Di lantai bawah, Li Airong, yang telah berdiri di dekat jendela mengamati situasi, melihat Lin Qi turun dan sedikit menyipit, berpikir bahwa dia tampak sangat akrab.
**
Qin Ran kembali ke kelas 3.9 dan menemukan bahwa kelas hampir berakhir.
Qiao Sheng telah berganti tempat duduk dengan teman-teman sekelas di depannya. Ketika dia kembali, dia mencondongkan tubuh ke samping dan berkata dengan suara rendah, “Apa yang diminta Bos untuk kamu lakukan?”
Qin Ran mengangkat tangannya dan menjatuhkan kartu nama di atas meja, lalu bersandar ke dinding dengan malas. “Dia mendorong saya untuk belajar keras.”
Memikirkan hasil Qin Ran, Qiao Sheng menahan tawa. “Dia benar-benar menyuruhmu belajar keras?”

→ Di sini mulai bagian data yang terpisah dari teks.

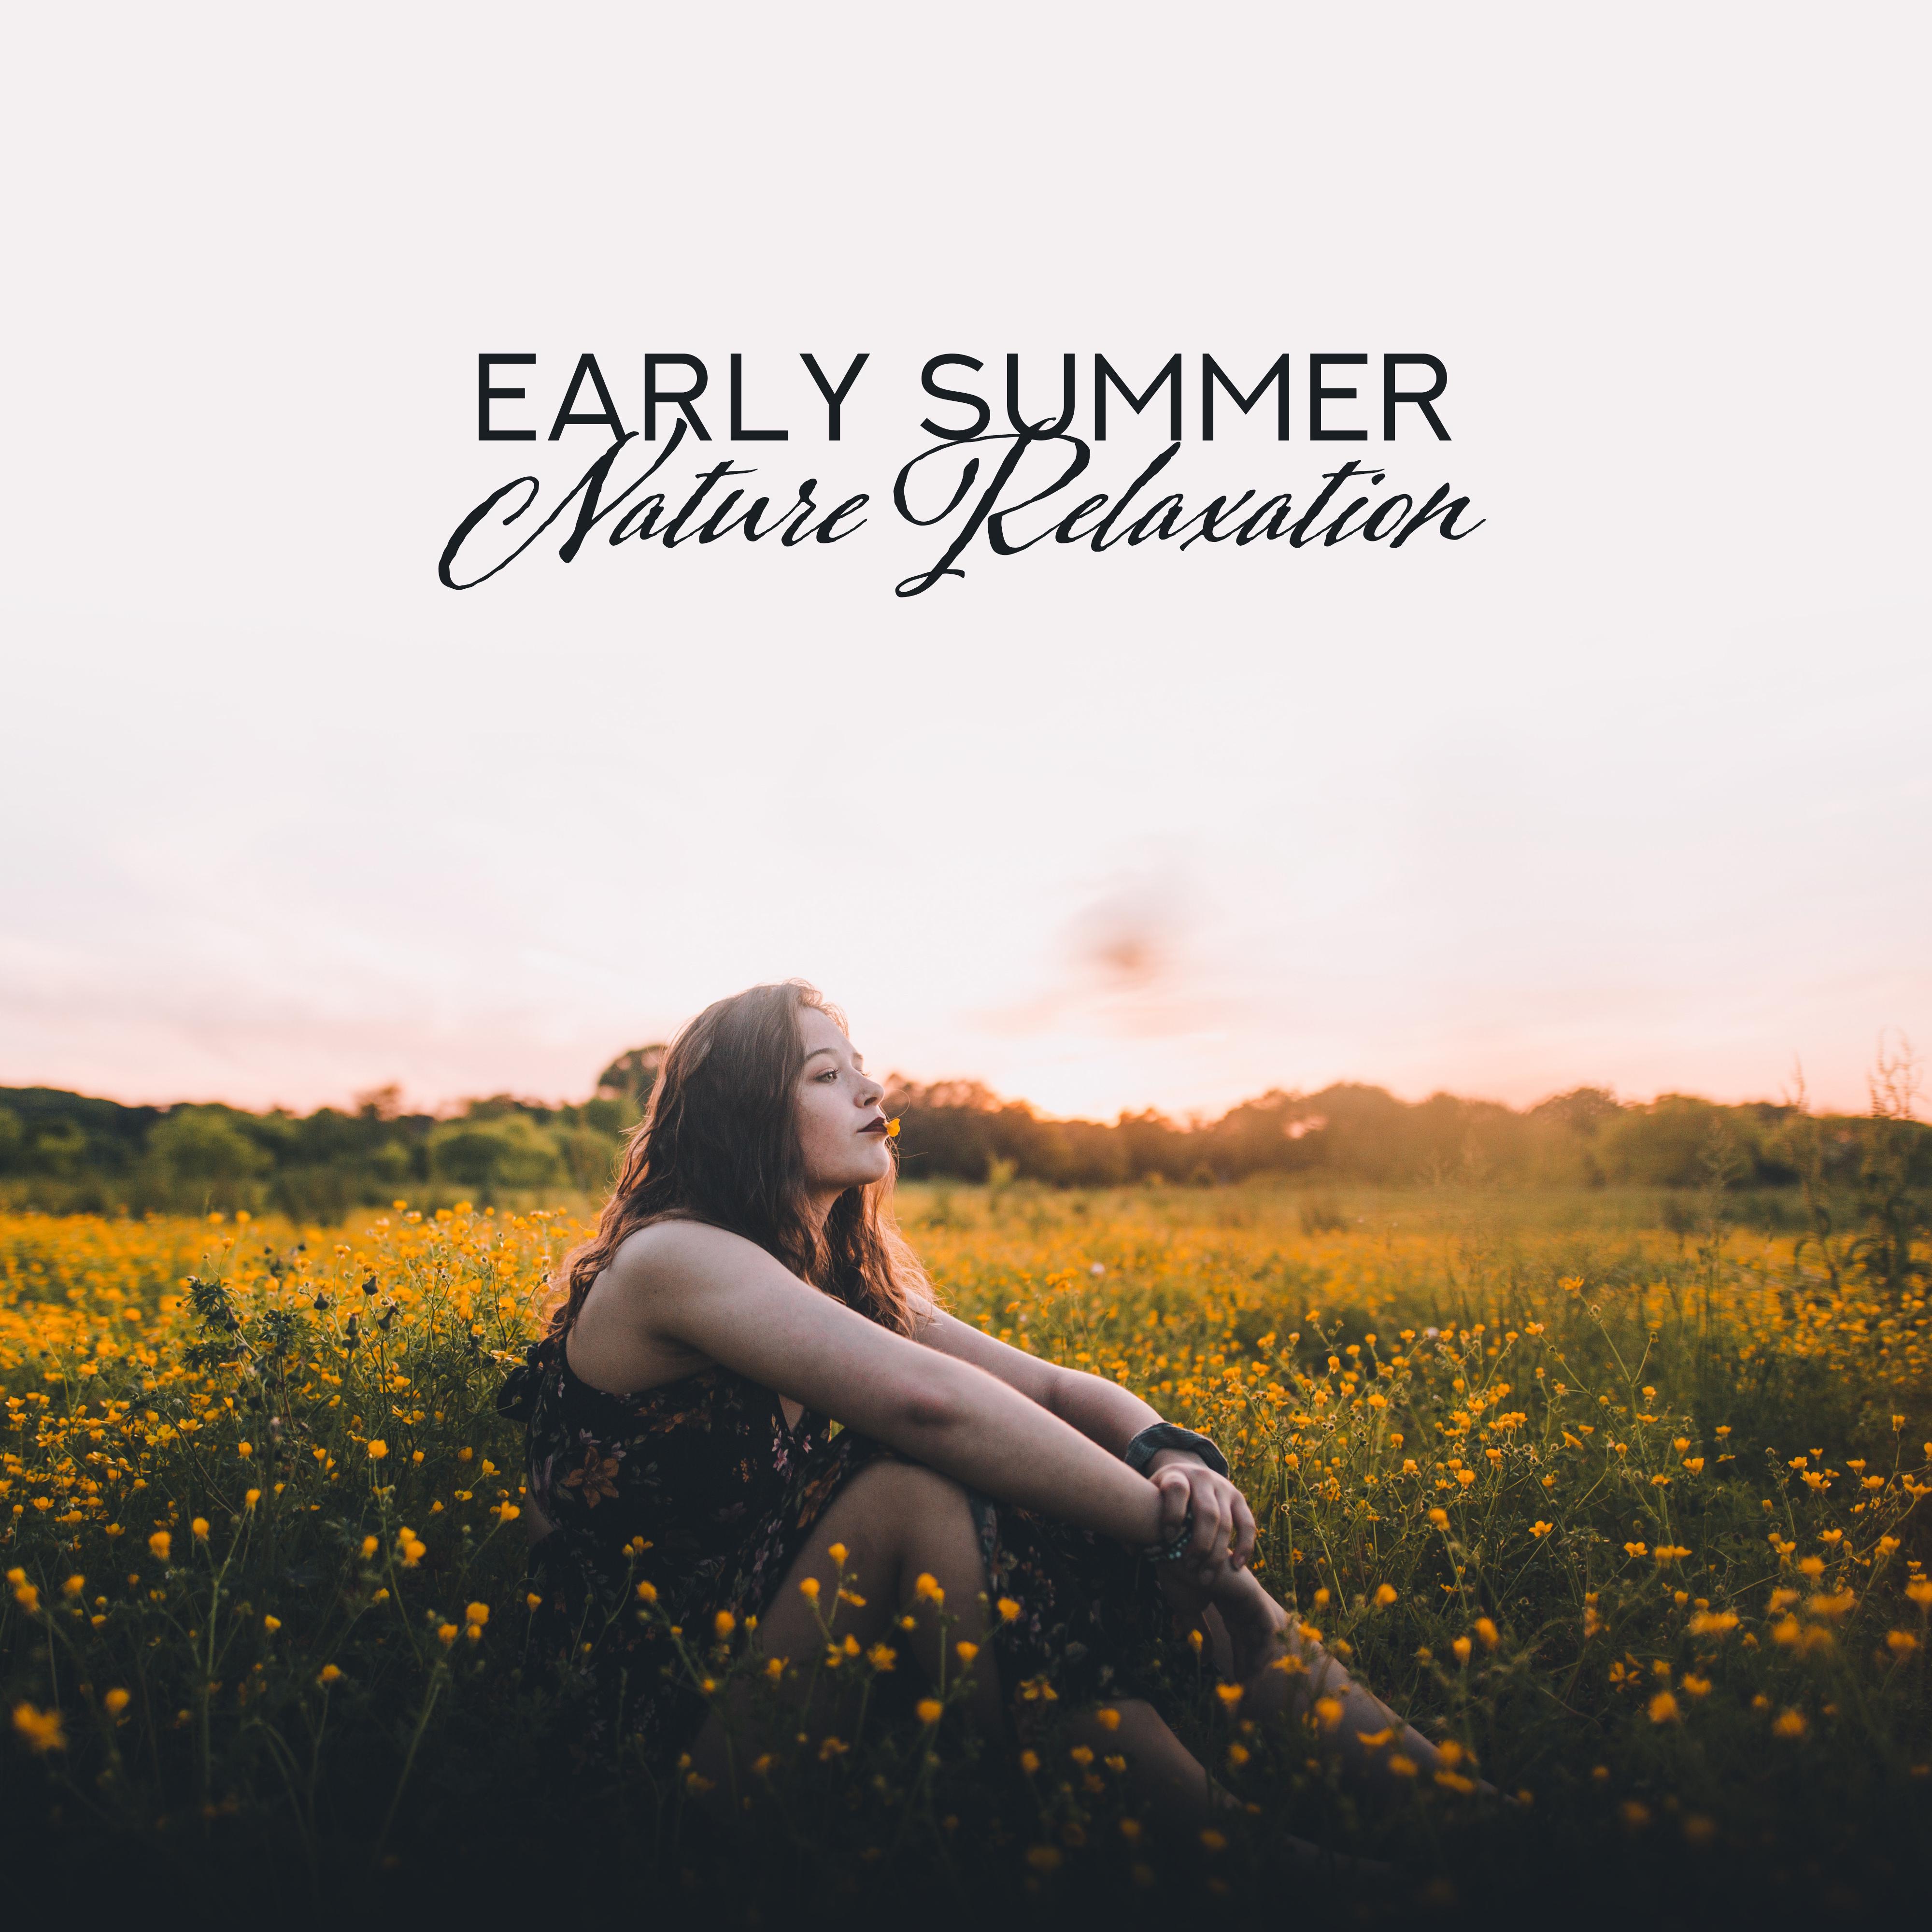 Early Summer Nature Relaxation: Water & Birds Nature New Age 2019 Music for Total Relaxation, Rest Among Nature, Soothing Piano Melodies, Calming Down, Fight with Stress, Sounds of Forest & Meadow

Dia tiba-tiba merasa itu menarik dan berhenti berbicara dengan orang di depannya. Kemudian, dia bertanya apakah Gao Yang mengatakan sesuatu dengan rasa ingin tahu.

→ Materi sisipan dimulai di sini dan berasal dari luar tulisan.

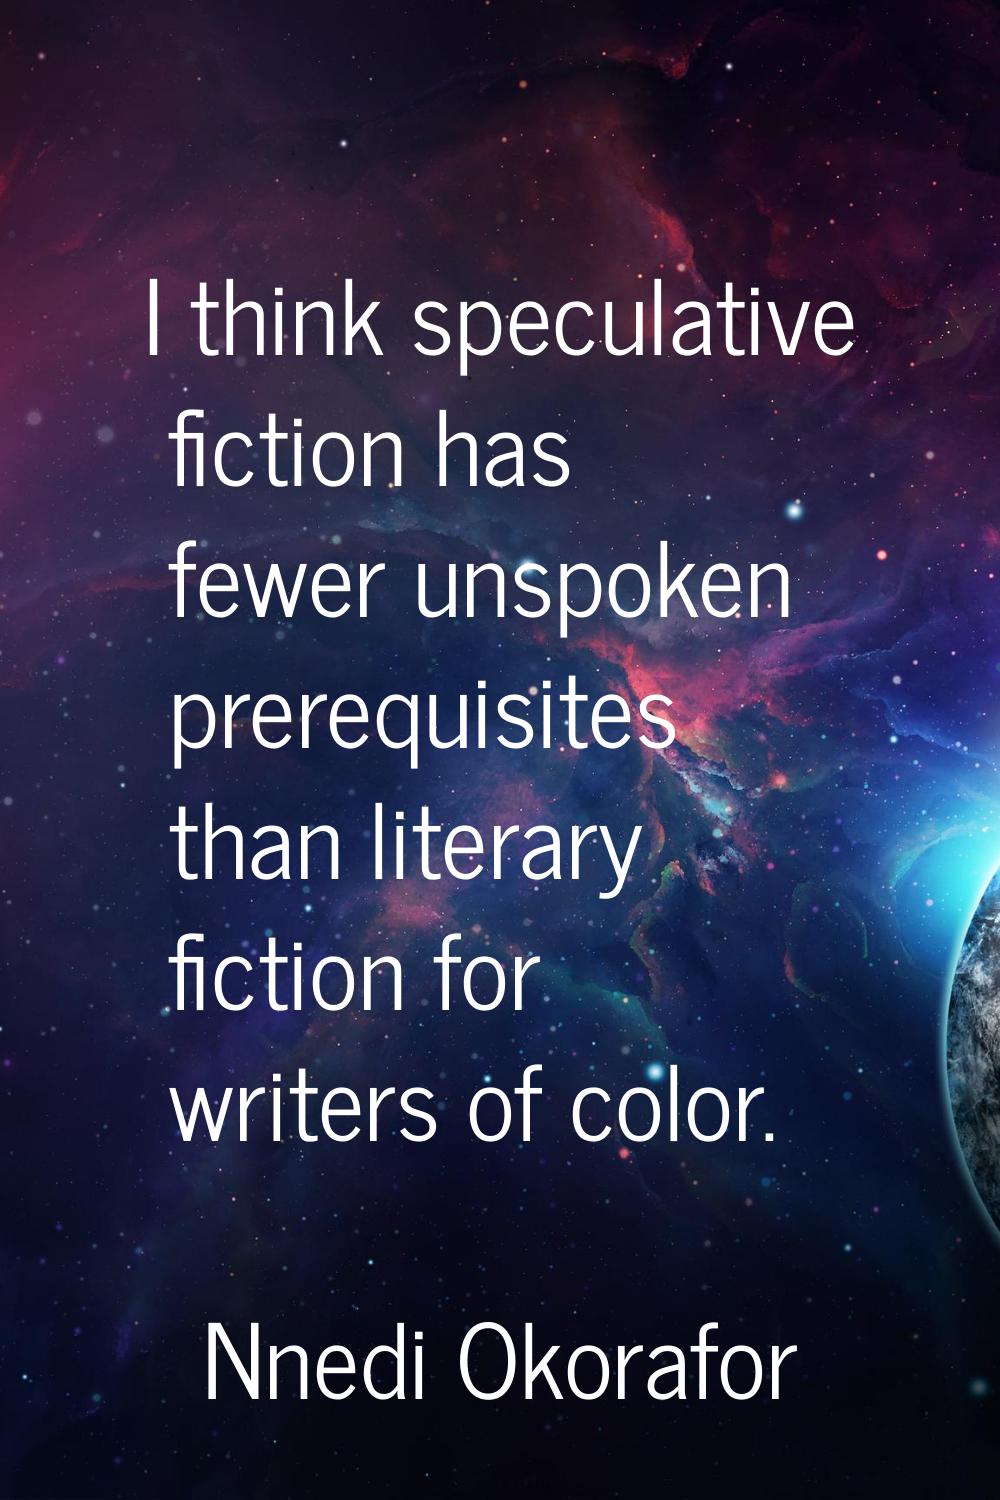 I think speculative fiction has fewer unspoken prerequisites than literary fiction for writers of c

Setelah berbicara sebentar, dia melihat kartu nama yang dibuang Qin Ran.
Qiao Sheng mengambilnya dan melihatnya sejenak, terkejut. “Lin Qi datang untuk mencarimu?”

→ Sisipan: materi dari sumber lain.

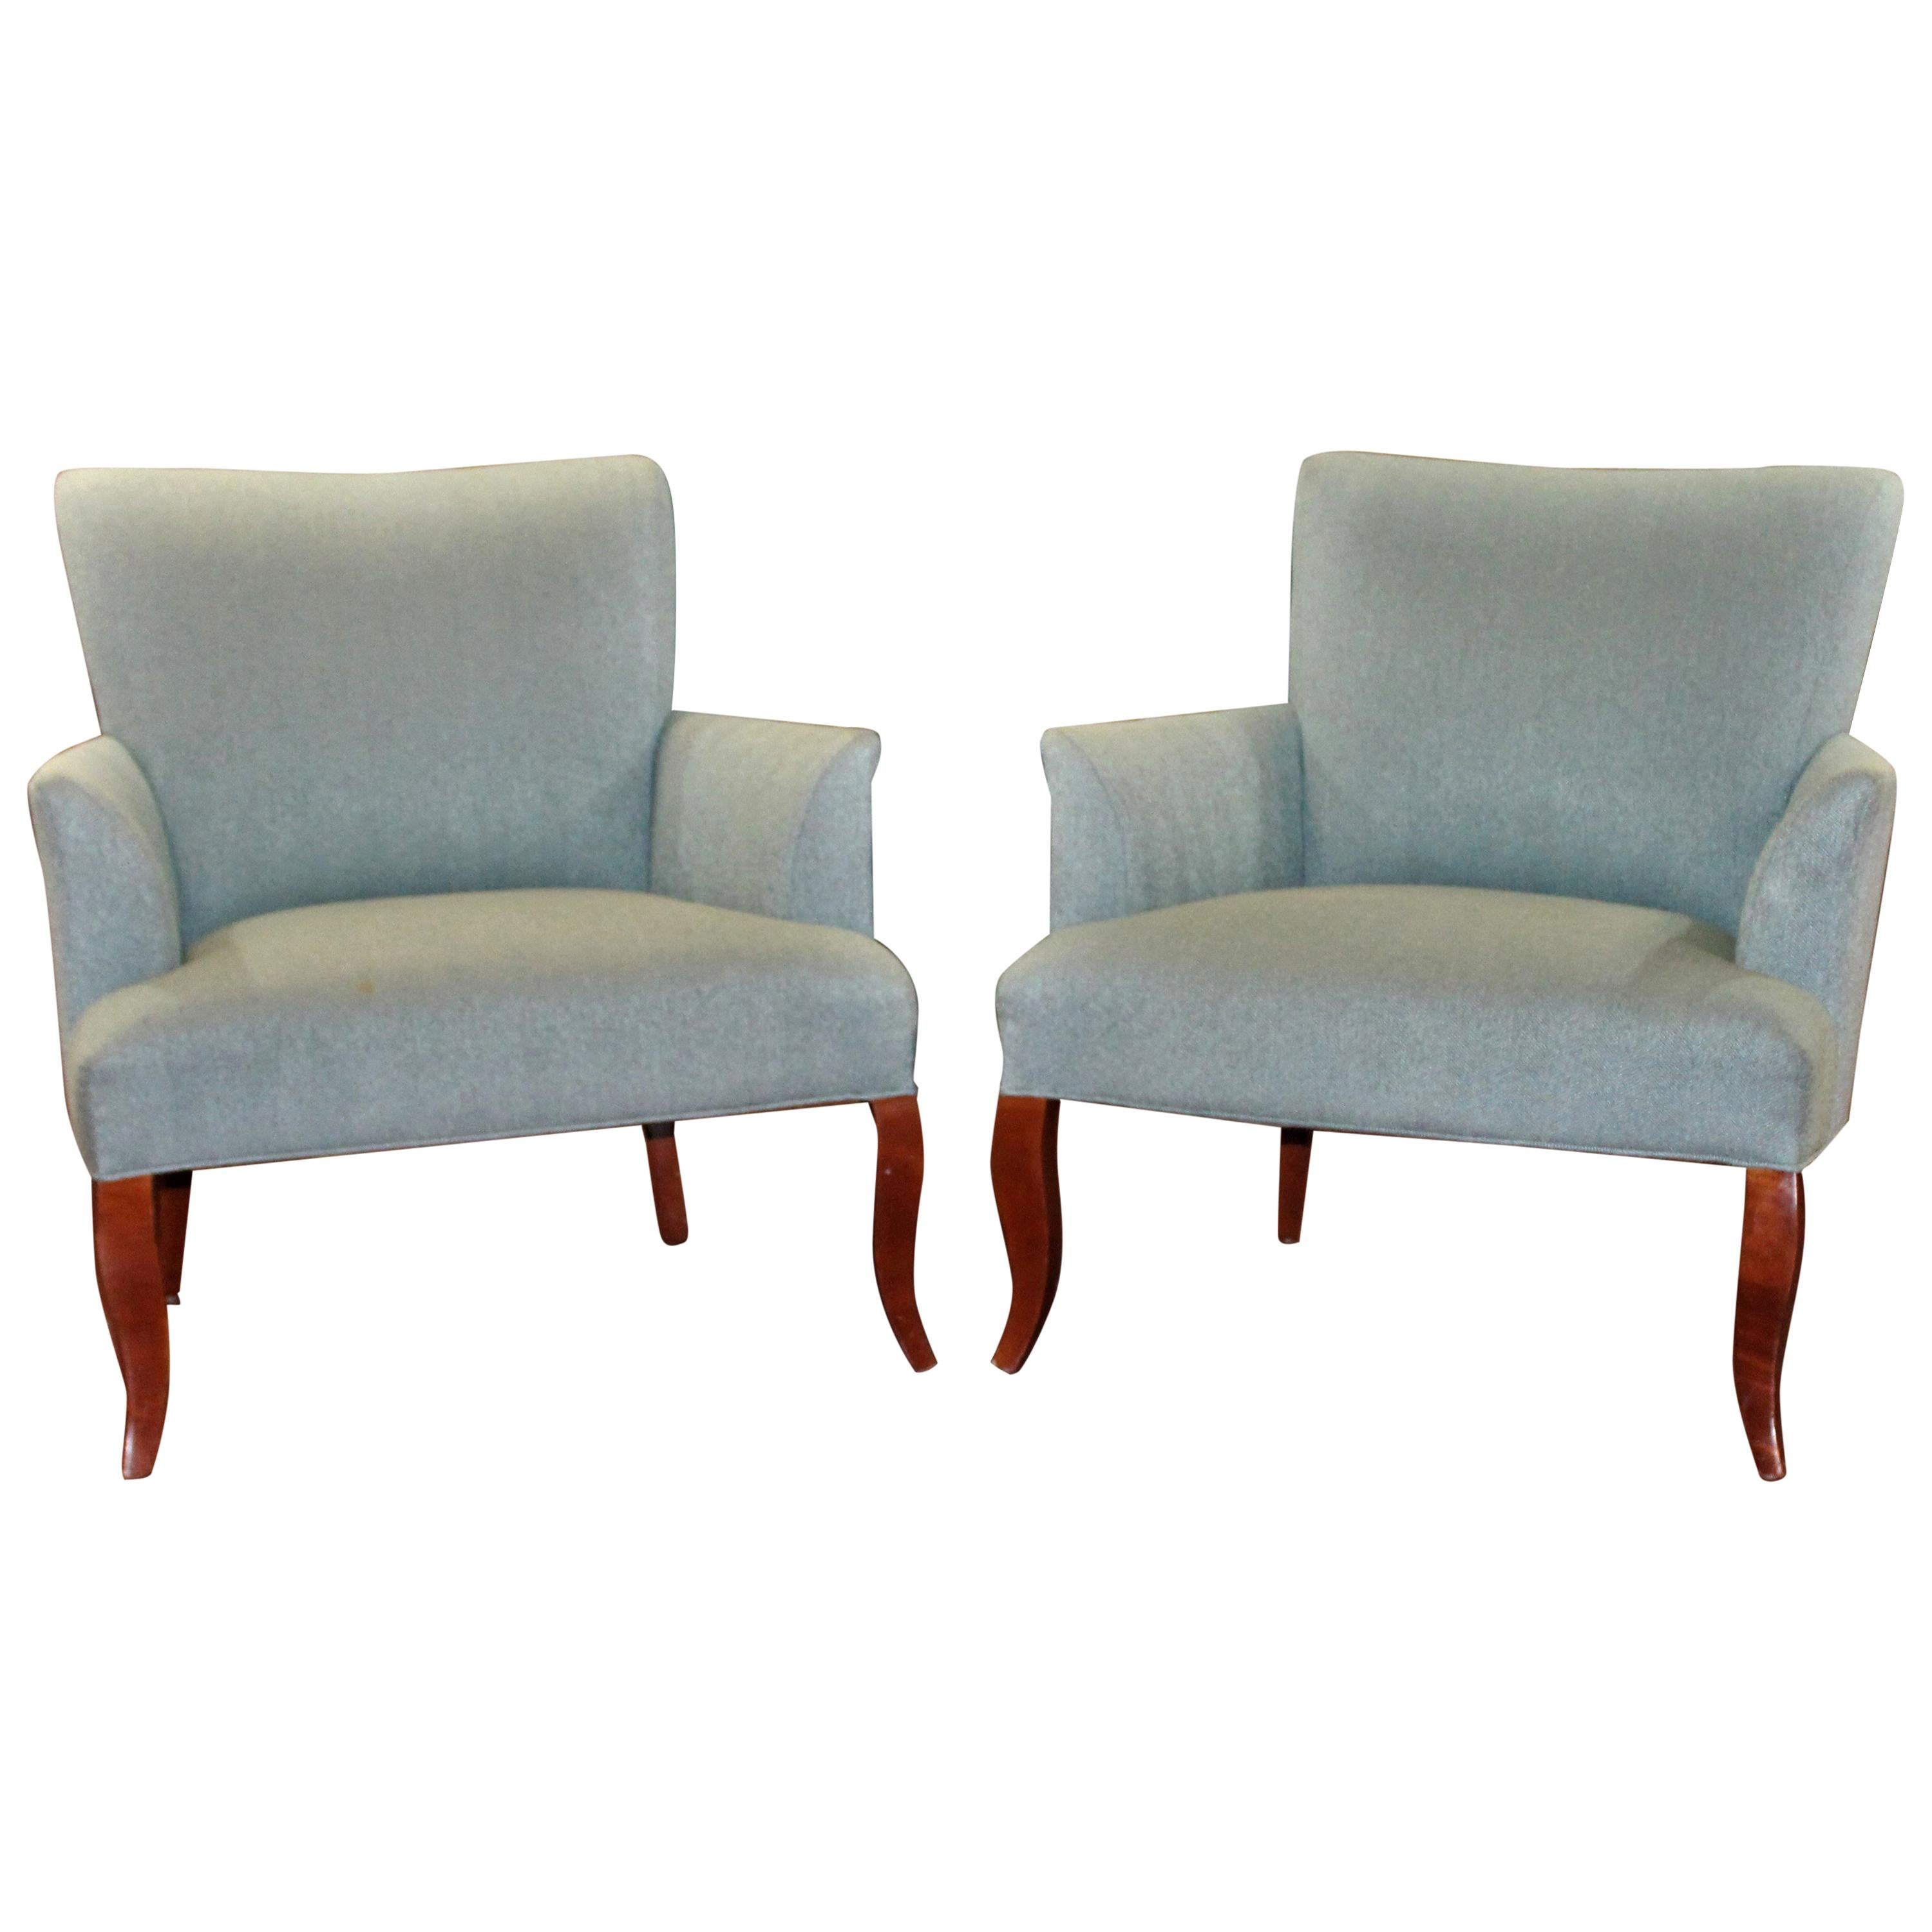 Stately Pair of Powder Blue Armchairs For Sale

“Ya.” Qin Ran perlahan mulai mengeluarkan bukunya dari bawah mejanya.
“Mengapa?”
Qin Ran memberitahunya secara singkat.
“Tunggu, kamu pernah belajar biola sebelumnya?” Qiao Sheng tercengang. “Mengapa saya tidak pernah mendengar Anda mengatakan bahwa Anda tahu cara bermain biola, atau melihat Anda memainkannya sebelumnya?”
“Saya mempelajarinya ketika saya masih kecil,” Qin Ran menopang dagunya dan berkata dengan semangat rendah.
Qiao Sheng secara otomatis menafsirkan ini berarti bahwa dia tidak pandai biola, yang merupakan reaksi normal bagi manusia.
Itu karena dia belum pernah menyebutkannya sebelumnya, dan jika dia mempelajarinya dengan baik, dia akan mengatakan sesuatu.
2
“Lalu kenapa kau tidak berjanji padanya?” Qiao Sheng meletakkan tangannya di atas meja, mengambil buku bahasa Inggris, dan menutupi sisi wajahnya dengan itu. “Sebenarnya, apa yang dikatakan Paman Lin sangat masuk akal. Ini jauh lebih baik daripada Anda mencari pekerjaan di tempat lain. Paman Lin telah membuat beberapa konsesi sehingga Anda dapat memperbaiki hubungan Anda dengan keluarga Lin.
Setelah jeda, Qiao Sheng terus berkata, “Selanjutnya, apa yang akan kamu lakukan di masa depan jika kamu menolaknya? Keluarga Lin cukup besar di Yun Cheng. Tidakkah menurutmu Paman Lin akan berpikir bahwa kamu tidak tahu apa yang baik untuk kebaikanmu sendiri jika kamu melakukan ini?”
Kekhawatiran dan keraguan Qiao Sheng juga masuk akal.
Qin Ran sekarang adalah putri tiri Lin Qi, tetapi kenyataannya, dia tidak bisa dibandingkan dengan Qin Yu. Qin Yu dibesarkan di keluarga Lin dan mereka secara alami bias terhadapnya.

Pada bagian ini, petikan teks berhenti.